# Stihl sg20



## kolbasz (Jun 7, 2017)

Anyone know how to remove these? Trying to replace the hose and wand, hit a snag


----------



## Ware (Jan 28, 2017)




----------



## Greendoc (Mar 24, 2018)

Side cutter pliars. Those are one time use Oetiker crimps. Use normal hose clamps for the replacement.


----------



## MasterMech (Sep 24, 2017)

You could use pinch clamps for the replacement as well. I hate "normal" worm drive hose clamps. Just a thing. Mostly I can't stand the tails.


----------



## kolbasz (Jun 7, 2017)

What a fight!

@ware what do you think about the hose length of the sg20, is it worth making it longer or is stock enough.
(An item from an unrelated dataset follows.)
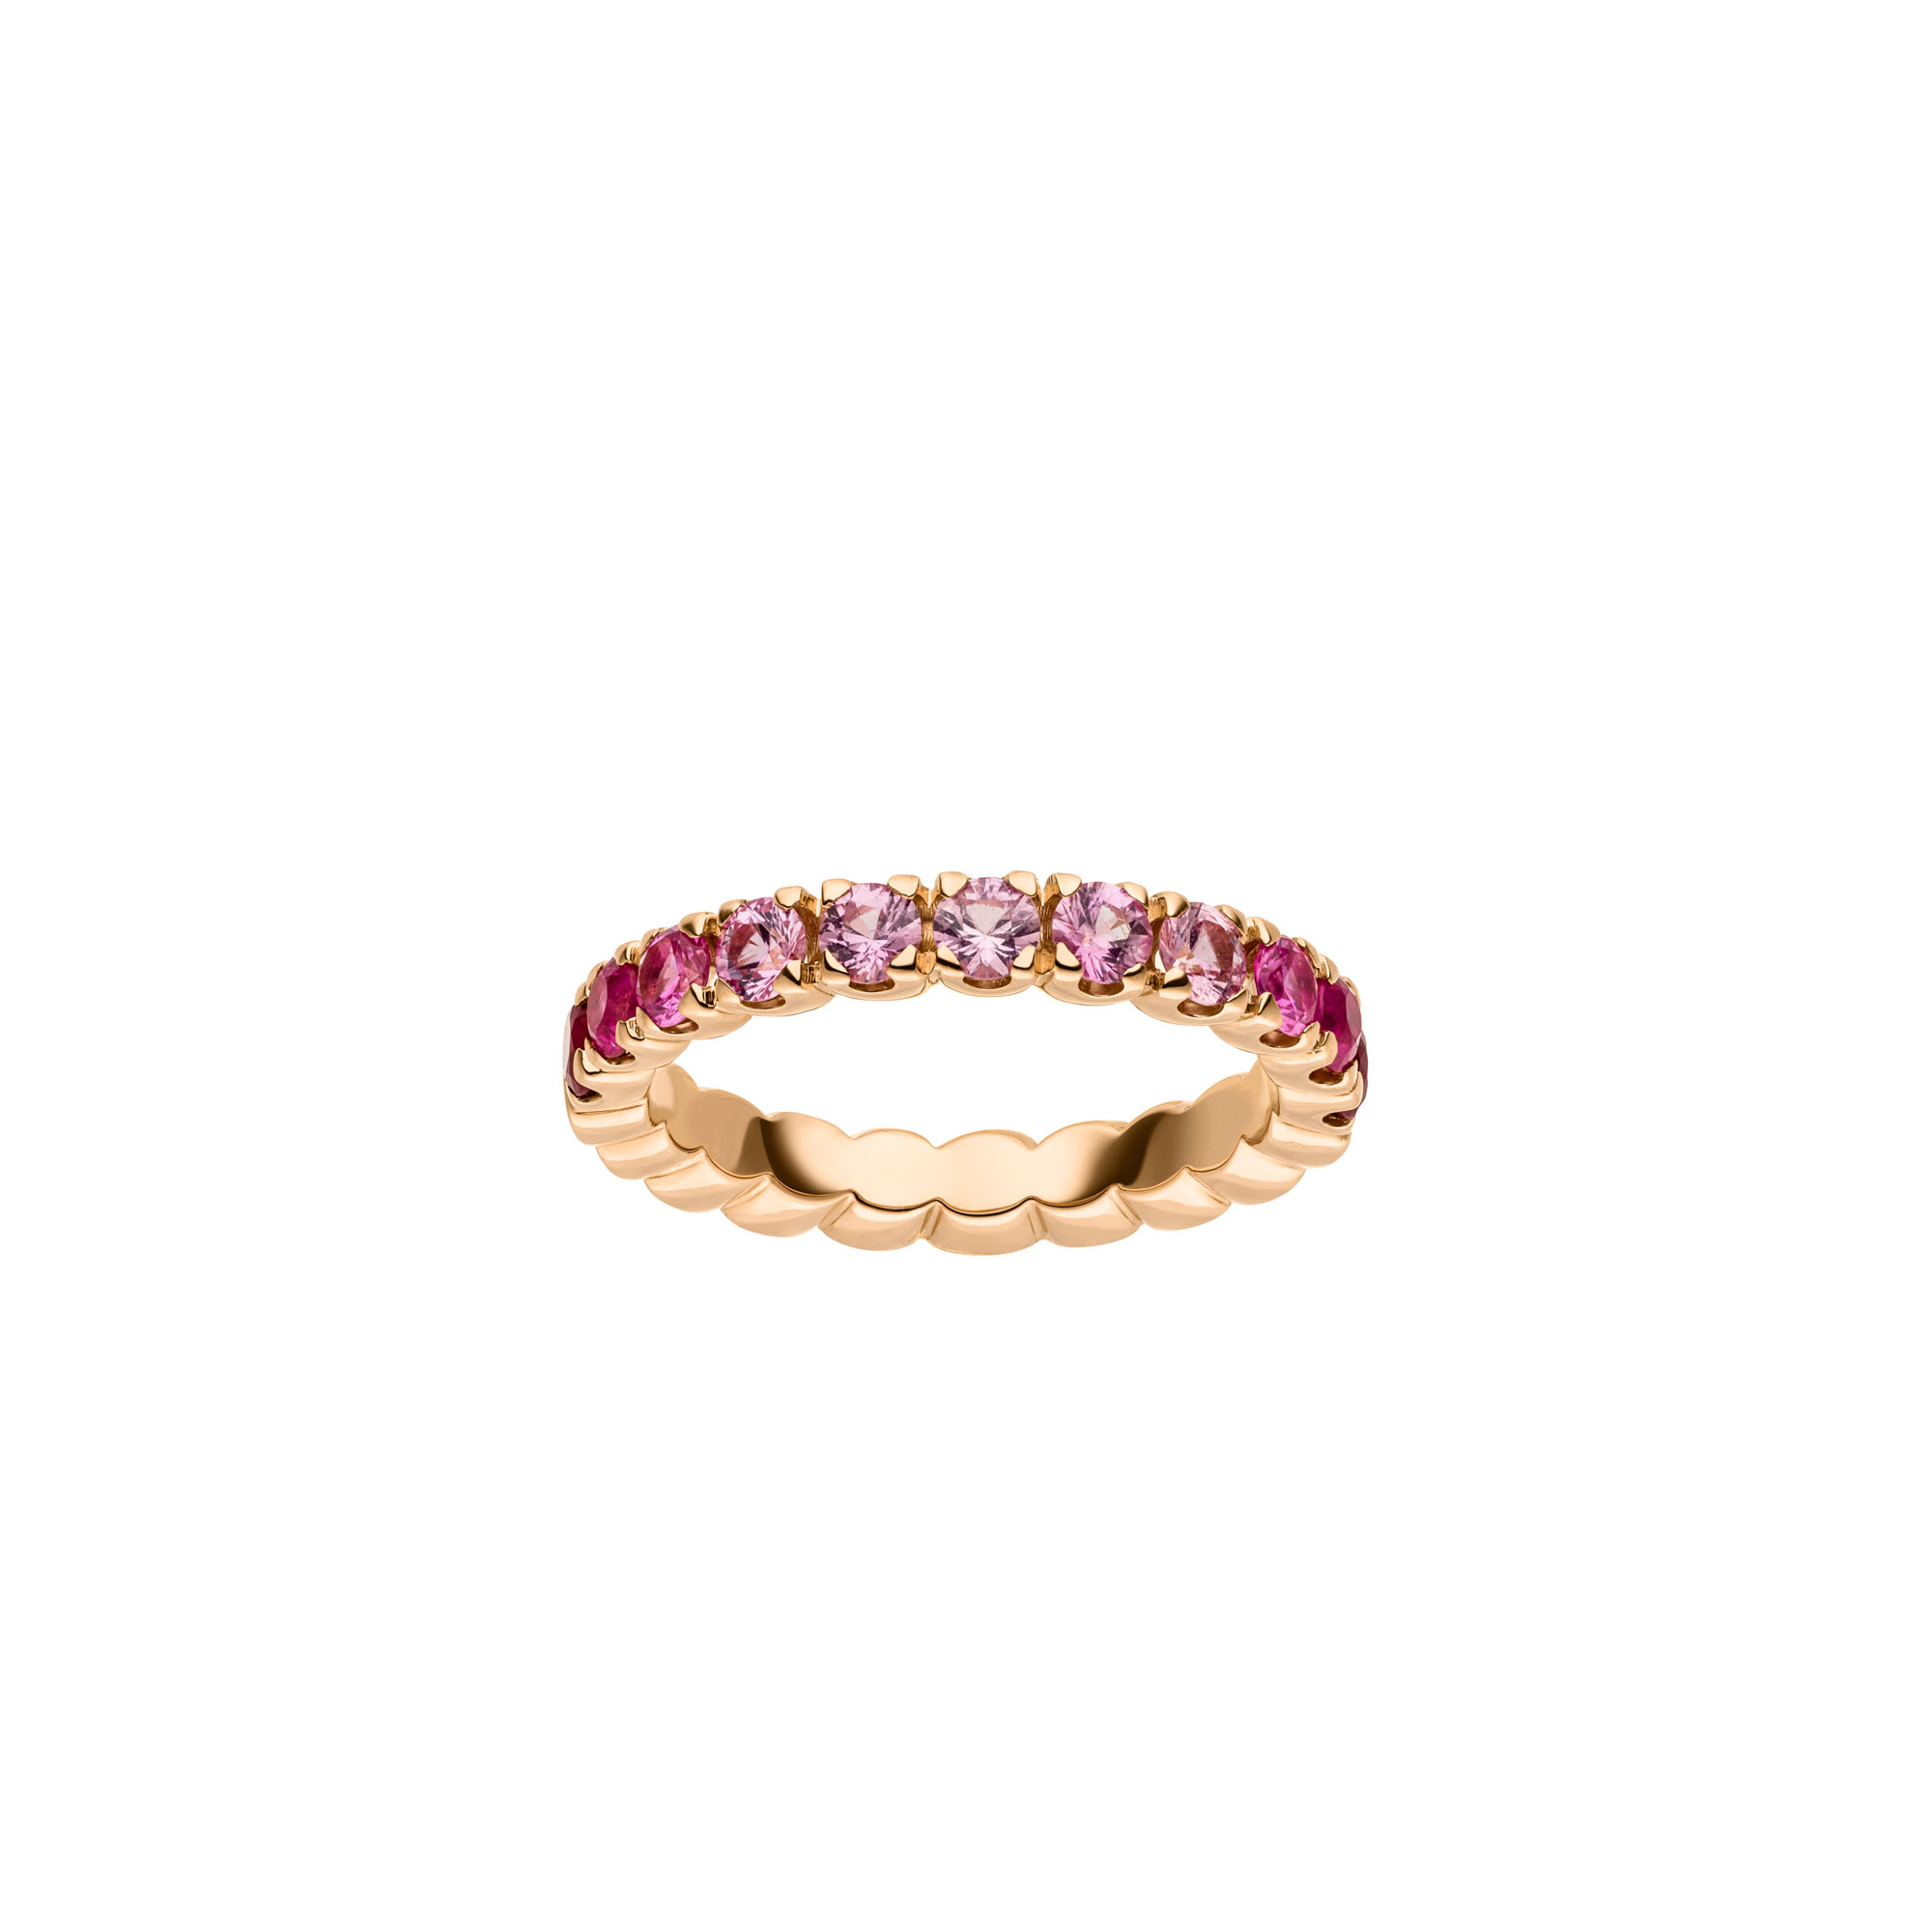 Roségold Ring mit pinken Saphiren und Rubinen von Kollektion Fridrich bei Juwelier Fridrich in München

I Never had an issue with stock length, but curious from your experience


----------



## MasterMech (Sep 24, 2017)

If you have a dremel with cut-off wheels, they make short work of those clamps.


----------



## Ware (Jan 28, 2017)

kolbasz said:


> What a fight!
> 
> ware what do you think about the hose length of the sg20, is it worth making it longer or is stock enough. I Never had an issue with stock length, but curious from your experience


If you're only replacing the wand you could just cut the hose behind the clamp. You won't ever notice that it is an inch shorter. I didn't replace the hose when I upgraded the wand on my SG20.

+1 on preferring the pinch clamps.


----------



## kolbasz (Jun 7, 2017)

I plan to make it portable via quick disconnects for my 2 gallon too


----------



## kolbasz (Jun 7, 2017)

I'll just measure to the same length then


----------